At his death, he was an acting teacher at HB Studio in New York, where he headed the yearlong core training program named for Uta Hagen, and a faculty member at Brooklyn College.
In a video for HB, he reflected on one aspect of the study of acting.
“What is the journey of self-discovery that you begin on that allows you to join your own curiosity about who you are with your curiosity about what the human race is — and how to channel that into the work?”
Mark Jeffrey Blum was born on May 14, 1950, in Newark, to Morton Joseph Blum, an insurance executive, and Lorraine Pearl (Fink) Blum.
Growing up in nearby Maplewood, N.J., Mark thought casually about becoming a lawyer or an engineer; he was also something of a math prodigy. So when he entered the University of Pennsylvania, it was as a general liberal arts student with no particular goal. But he soon found his calling.
“Theater somehow enabled me to bring all the things that mattered into focus,” Mr. Blum told The New York Times in 1980. There was no formal theater program at Penn, but the administration helped him shape a curriculum, and he graduated as a theater major in 1972.
Two years later, he received a master of fine arts degree from the University of Minnesota in a special program in association with the Guthrie Theater in Minneapolis.
He made his New York stage debut as a post office clerk in a 1976 production of “The Cherry Orchard” at a theater on West 23rd Street.
While continuing to work onstage, he made his feature film debut in “Lovesick” (1983), Marshall Brickman’s romantic comedy about an unfaithful psychiatrist, and his television series debut as a doctor on “St. Elsewhere” in 1984.
He appeared in almost 30 films, including “Desperately Seeking Susan” (1985), as a married hot-tub salesman; “Crocodile Dundee” (1986); and “Shattered Glass” (2003). His most recent, “The Pleasure of Your Presence,” a romantic comedy about a wedding in the Hamptons, has been completed but not yet scheduled for release.
Over the decades he appeared on dozens of prime-time series — among them “Miami Vice,” “Roseanne,” “Frasier” and three shows in the “Law & Order” franchise — and he remained active into 2020. He appeared in 30 episodes of the Amazon series “Mozart in the Jungle” as Union Bob, a rules-obsessed symphony orchestra piccolo player. His most recent roles were on the drama series “You,” as a mysterious bookstore owner and stroke victim; “Succession” (2018-19); and “Billions,” in an episode scheduled to air in May.

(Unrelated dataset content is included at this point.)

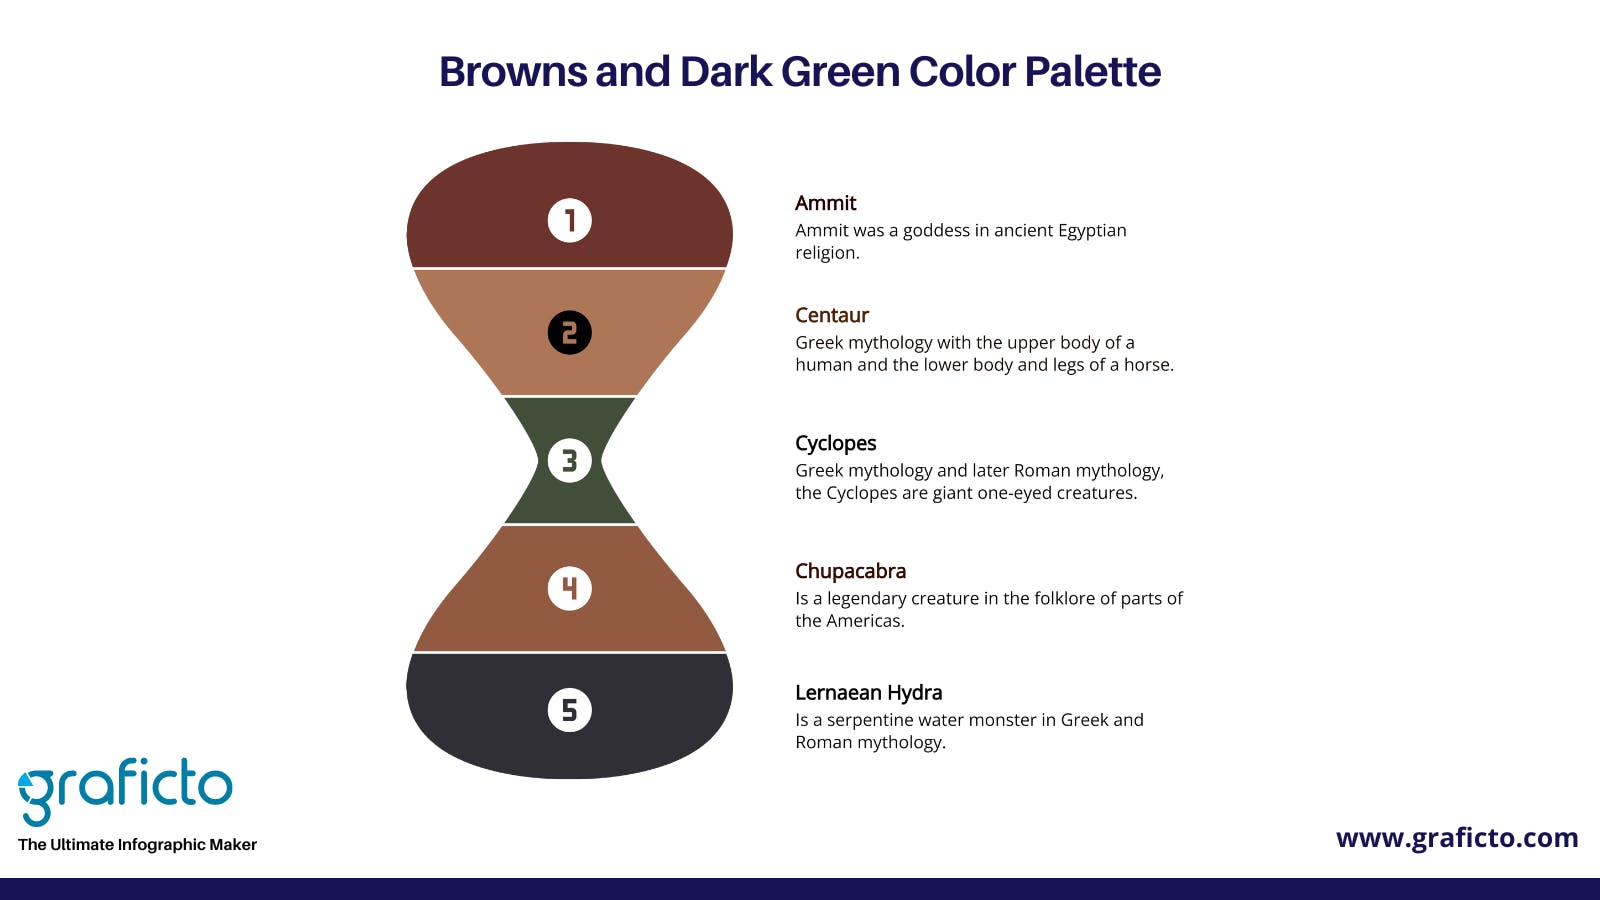 Browns and Dark Green graficto Christmas Color Palettes

His final Broadway appearance was in 2013 in “The Assembled Parties,” as Judith Light’s combative Upper West Side husband. His last Off Broadway productions were “Amy and the Orphans” (2018), at the Laura Pels Theater, in which he played an autistic woman’s generally oblivious brother; and “Fern Hill,” a comic drama about retirement-age baby boomers considering a commune, at 59E59 Theaters in September.
He is survived by his wife, the actress Janet Zarish; his mother; and his sister, Nancy Blum Litt.
Mr. Blum always had a special feeling for theater environments beyond Broadway. When he was appearing in Amy Herzog’s “After the Revolution” at the Williamstown Theater Festival in Massachusetts in 2010, he explained in a video interview that the place made him feel part of an artistic community “but also makes you feel enveloped by it in a way that supports you and elevates you.”
He added, “It’s like a little cushion underneath to prevent us from crashing to the earth.”